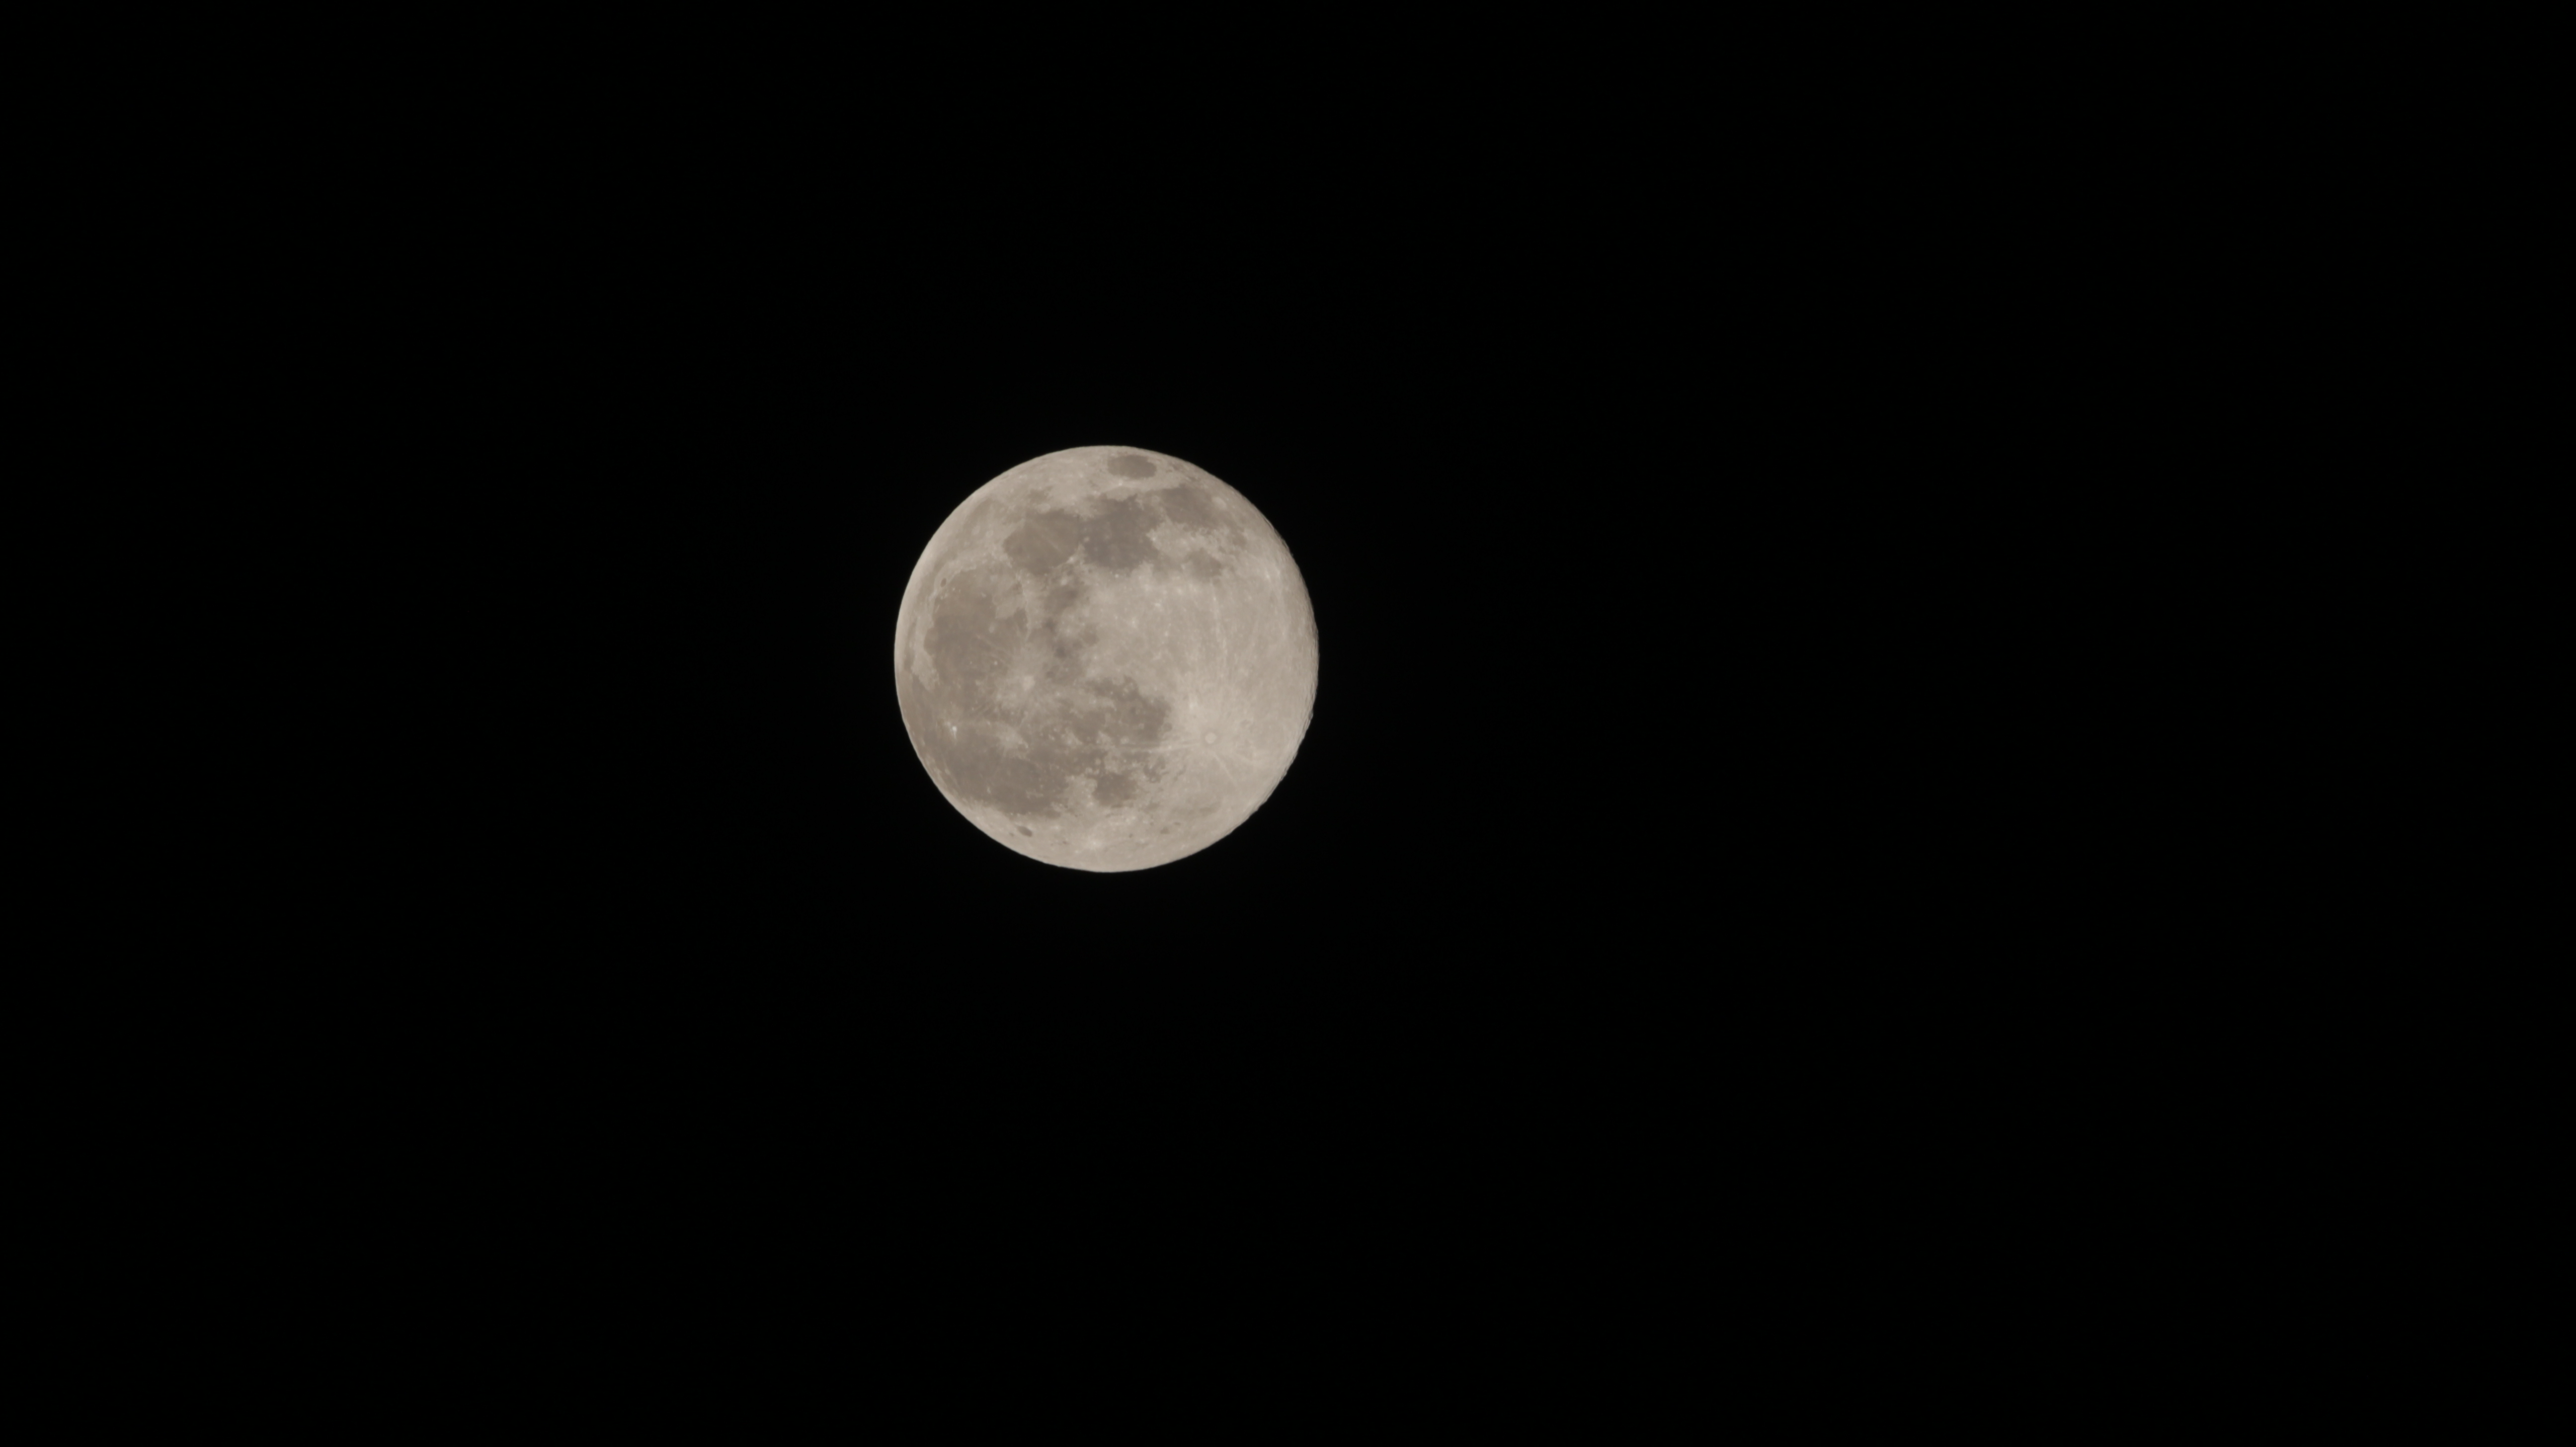 Another Moon Shot
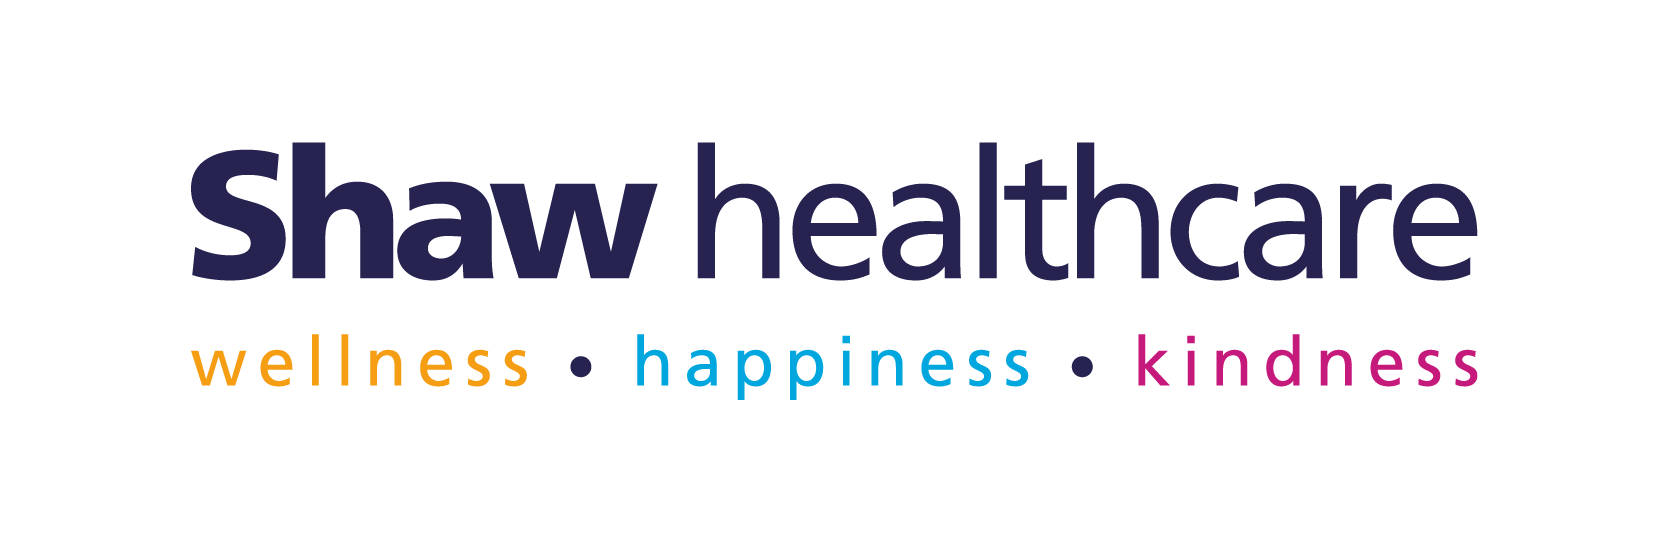 logo for Shaw healthcare
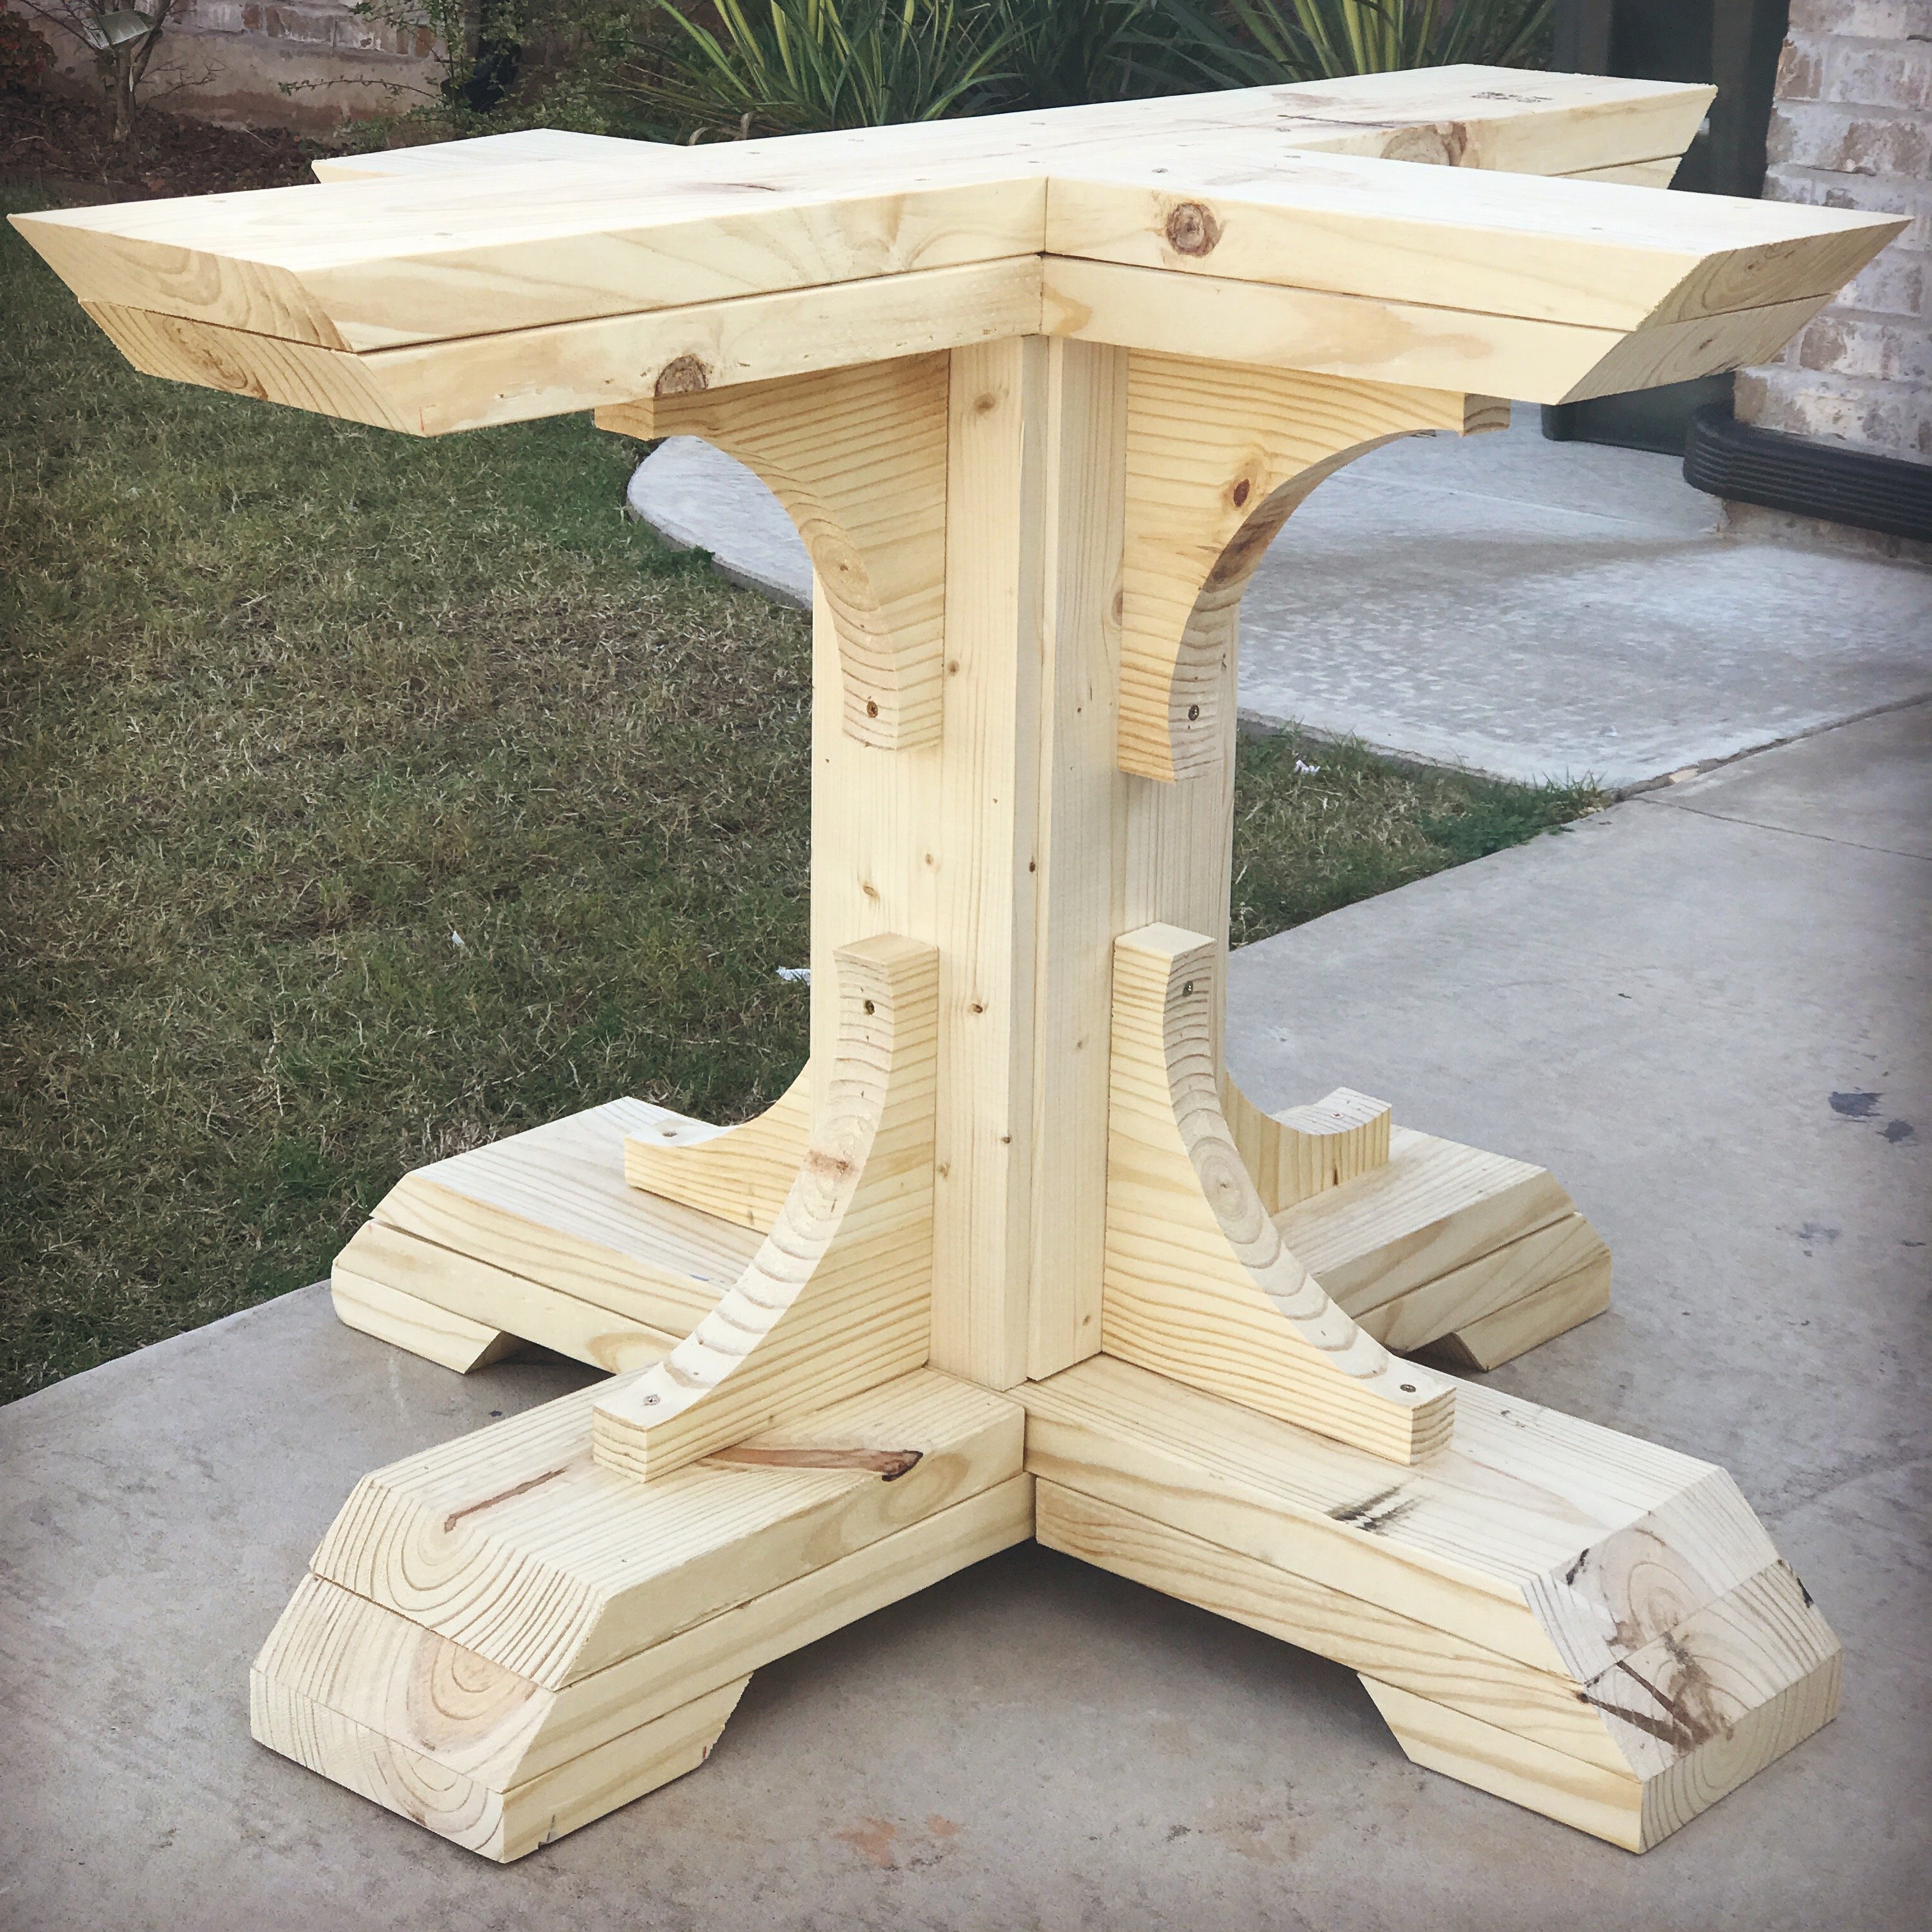 Woodworking table pedestal
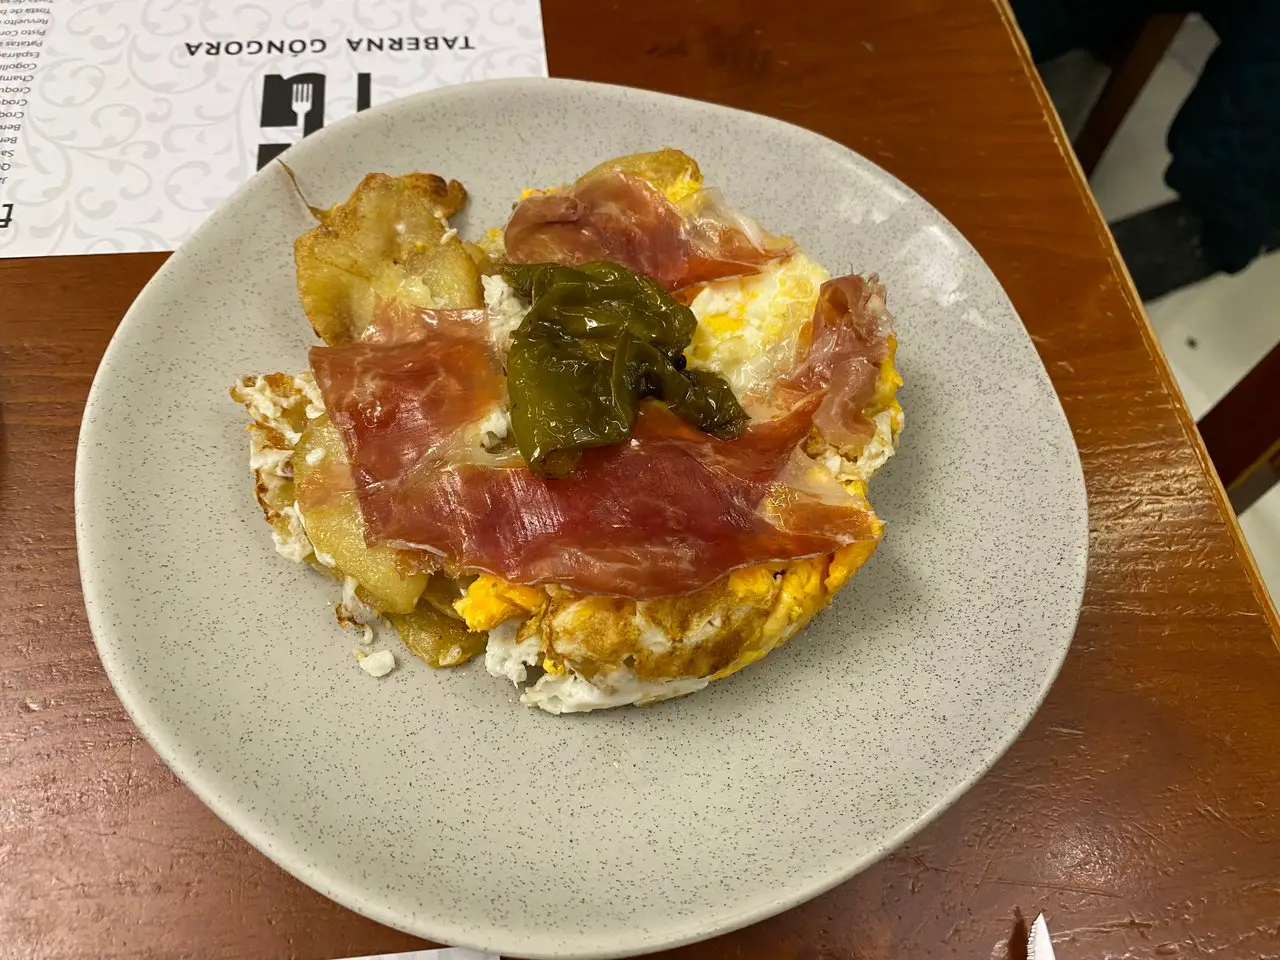 A potato, egg and cured ham dish on a plate.

════════

The reply has to reproduce every line above verbatim and contain no pictures.

 Another Moon Shot
 logo for Shaw healthcare
 Woodworking table pedestal
 A potato, egg and cured ham dish on a plate.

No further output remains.